What is HSTS? Is the first visit insecure?

Published on October 6, 2025

Let me explain.

When you type a domain like bucketbin.in in Chrome (or any browser), if you don’t explicitly type https://bucketbin.in:

  1. Browser sends GET / request to http://bucketbin.in on port 80 (insecure, plain HTTP)
  2. The server (e.g. Nginx) responds with a 301/302 redirect to the HTTPS version
  3. Browser now connects to https://bucketbin.in on port 443
  4. Then it performs the TCP + TLS handshake (certificate validation, encryption setup)
  5. Then it sends the secure GET / request over HTTPS

So on the first visit, the browser makes an insecure HTTP request before upgrading to HTTPS.

What Happens on the Second Visit?

On the second request, the browser skips HTTP entirely and goes directly to HTTPS.

This is where HSTS (HTTP Strict Transport Security) comes in.

HSTS tells the browser:

“Always use HTTPS for this site, and never attempt HTTP again”

How Does HSTS Work?

When a site is served over HTTPS, the server can include a special response header:

Strict-Transport-Security: max-age=31536000; includeSubDomains; preload

Header Directives

Once the browser sees this header, it remembers the rule for the given max-age.
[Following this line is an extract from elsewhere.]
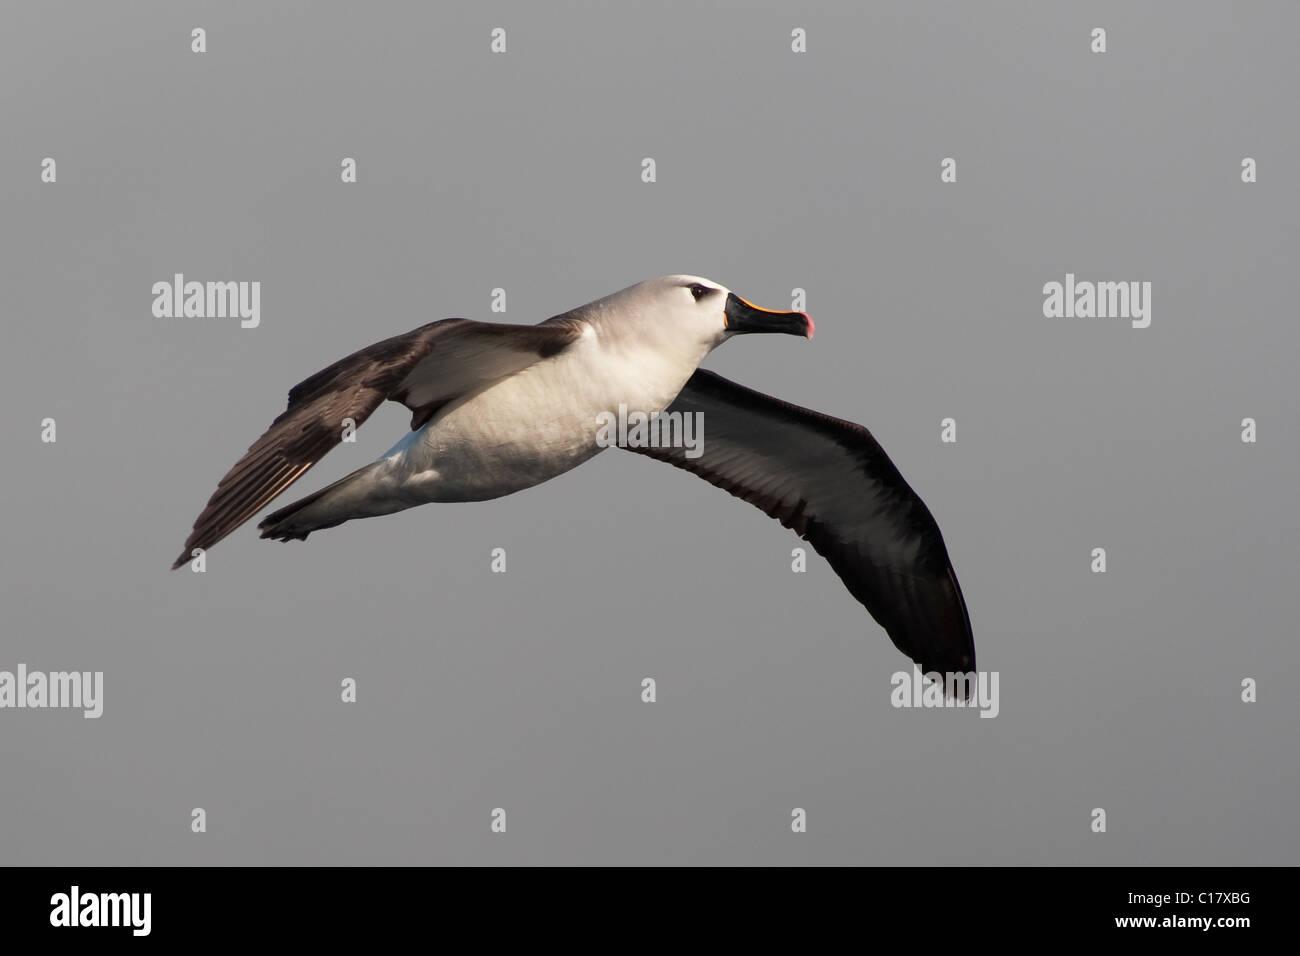 Atlantic Yellow-nosed Albatross (Thalassarche chlororhynchos chlororhynchos) adult bird soaring. - Stock Image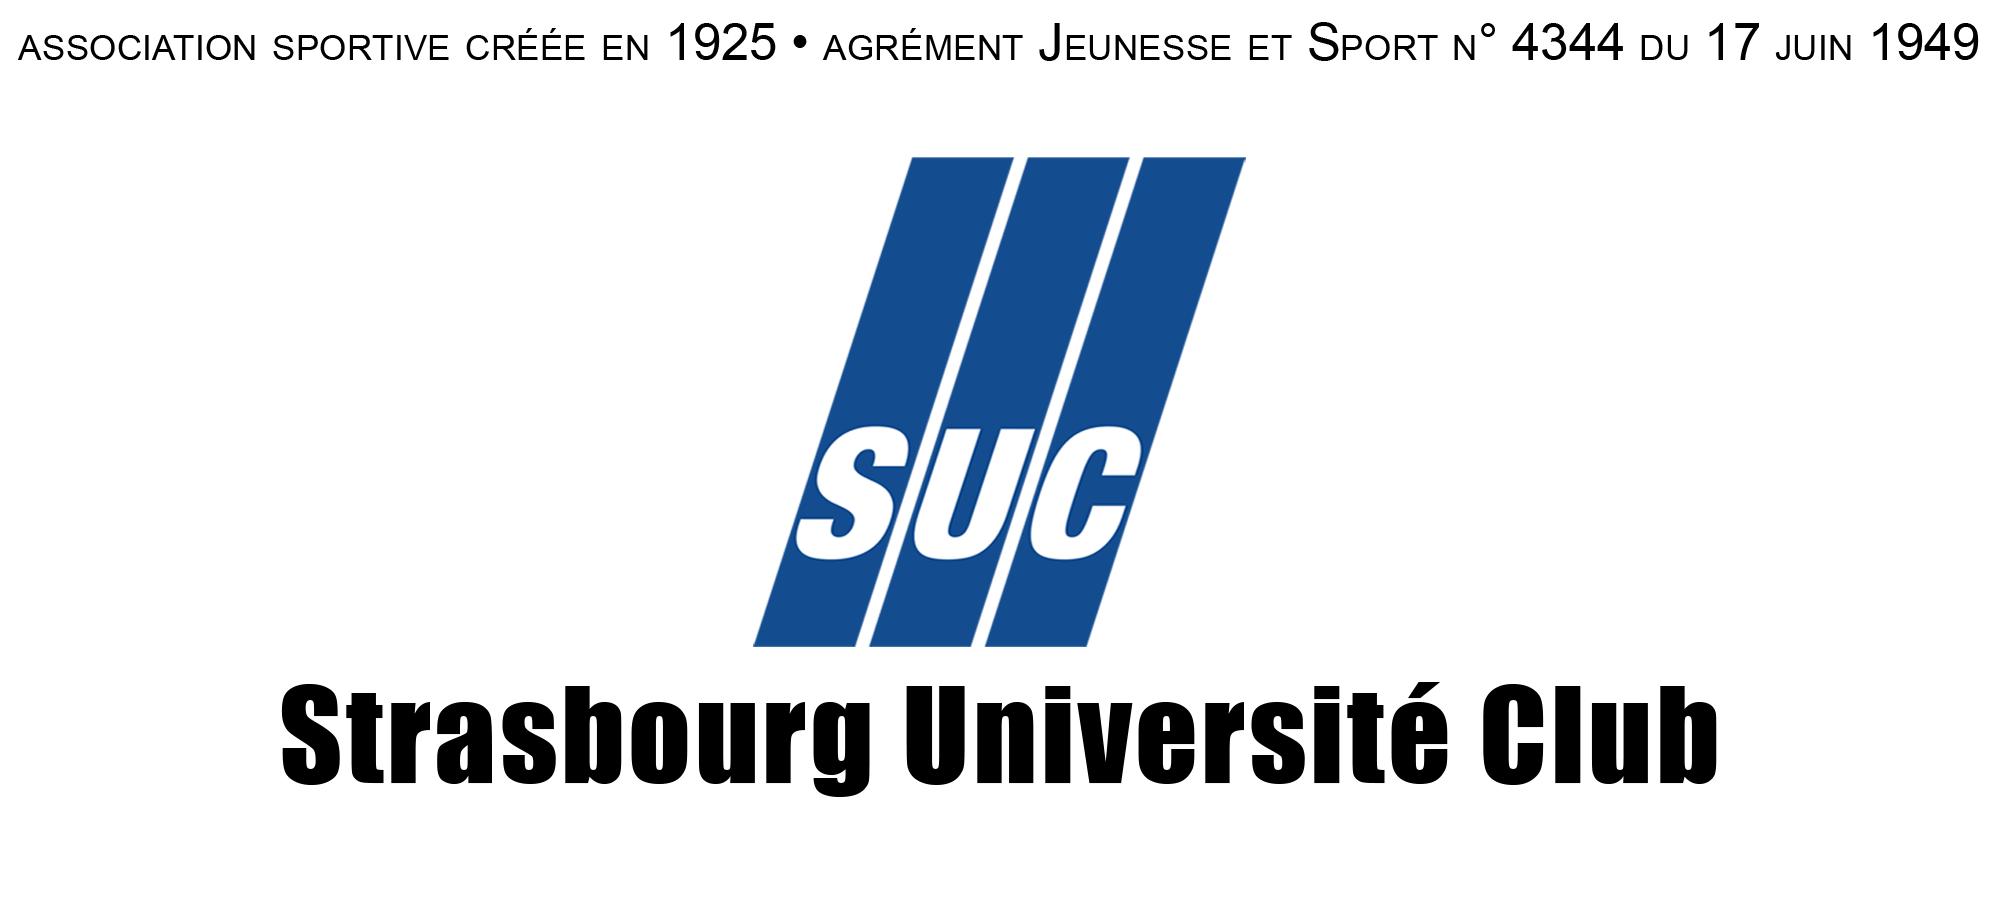 Strasbourg Université Club

From then on, every future request to that domain is automatically upgraded to HTTPS inside the browser before any network call happens.

The First Visit Problem

A browser cannot know a site’s HSTS policy until the user visits it at least once.

Solution: HSTS Preload List

To fix this, major browsers maintain a built-in “HSTS Preload List” - a list of domains that must always use HTTPS, even on the first visit.